Nobel-winning economist and Canadian researcher share UN labour prize

Professor Joseph Stiglitz (file photo)
The United Nations International Labour Organization (ILO) has selected Nobel Prize-winning economist Joseph Stiglitz and leading Canadian labour researcher Harry Arthurs as the winners of its Decent Work Research Prize 2008.

Professor Stiglitz was chosen for his “extraordinary lifetime contribution to knowledge on the central concerns of the ILO and its constituents reflecting advances in understanding of different dimensions of decent work,” the agency said in a news release.

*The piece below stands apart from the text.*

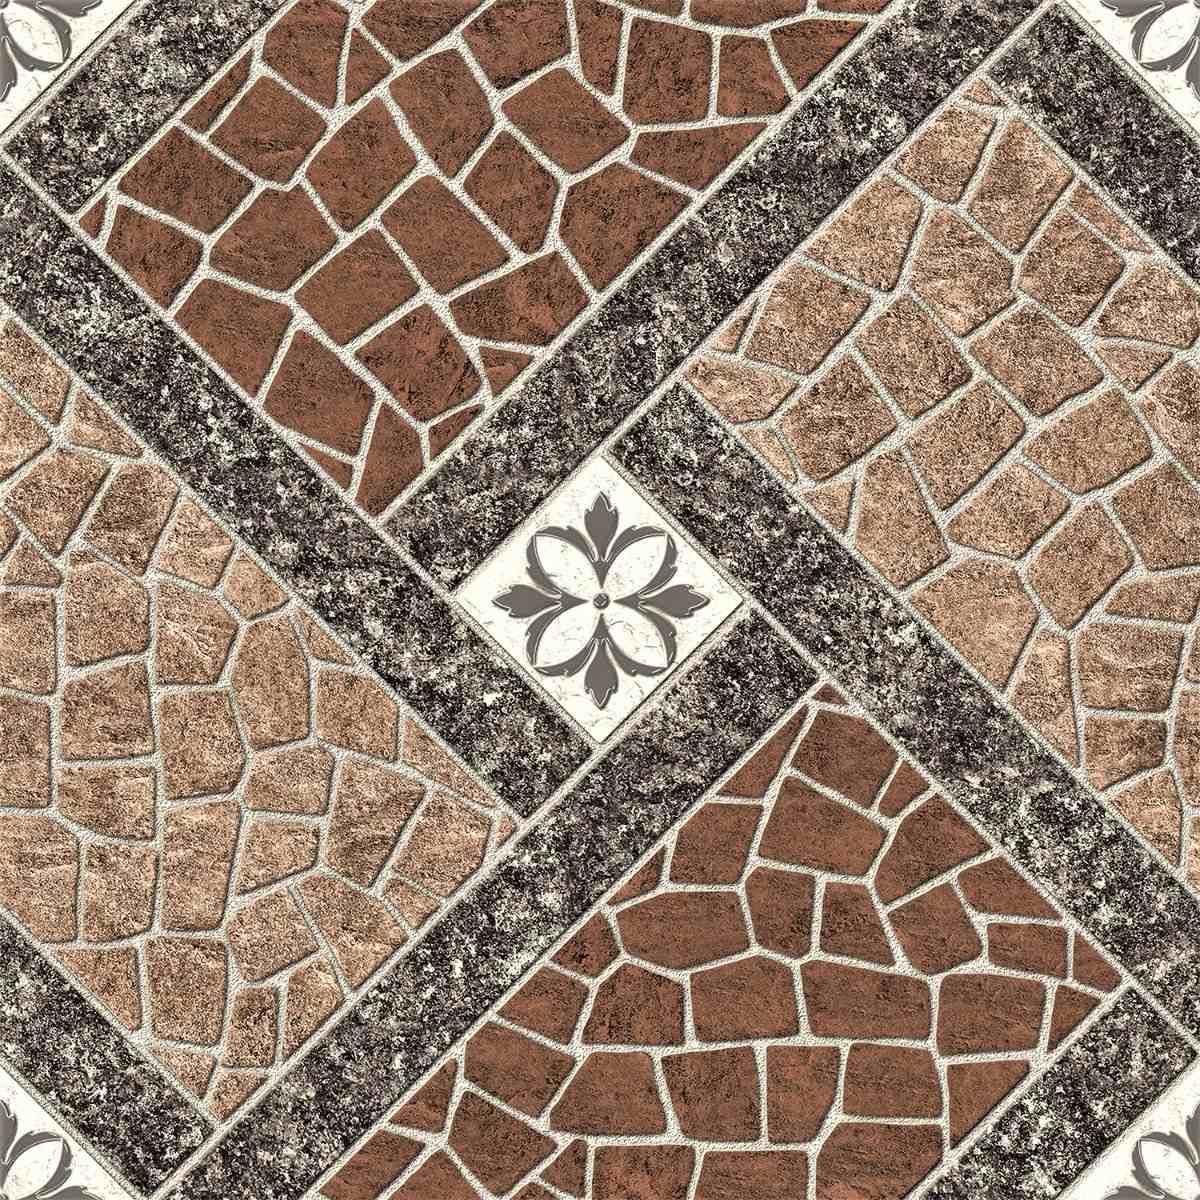 Ceramica Rustica 45x45 Exterior 290 00 En Mercado Libre

He is Chair of Columbia University’s Committee on Global Thought, former Chief Economist of the World Bank and a member of the World Commission on the Social Dimension of Globalization convened by the ILO.

Being selected for the Decent Work Research Prize was “a fantastic honour,” said Professor Stiglitz, the winner of the 2001 Nobel Prize in economics.

Professor Arthurs, former Dean of Osgoode Hall Law School at York University in Toronto, Canada, and former President of the University, was cited for a major specific contribution to the understanding of socio-economic relationships and policy instruments for the advancement of decent work.

He is also the author of a 2006 report submitted to the Canadian Government on “Fairness at Work. Federal Labour Standards for the 21st Century.”

Professor Arthurs, one Canada’s leading labour law academics, said that “for a labour law scholar, this is truly the most coveted prize.”

The two winners, chosen by a jury of eminent international experts on labour and social policy issues, will share the $10,000 award.

The first two recipients of the Prize in 2007 were former South African President and Nobel laureate Nelson Mandela and Professor Carmelo Mesa-Lago, Professor Emeritus of Economics and Latin American Studies at the University of Pittsburgh, United States.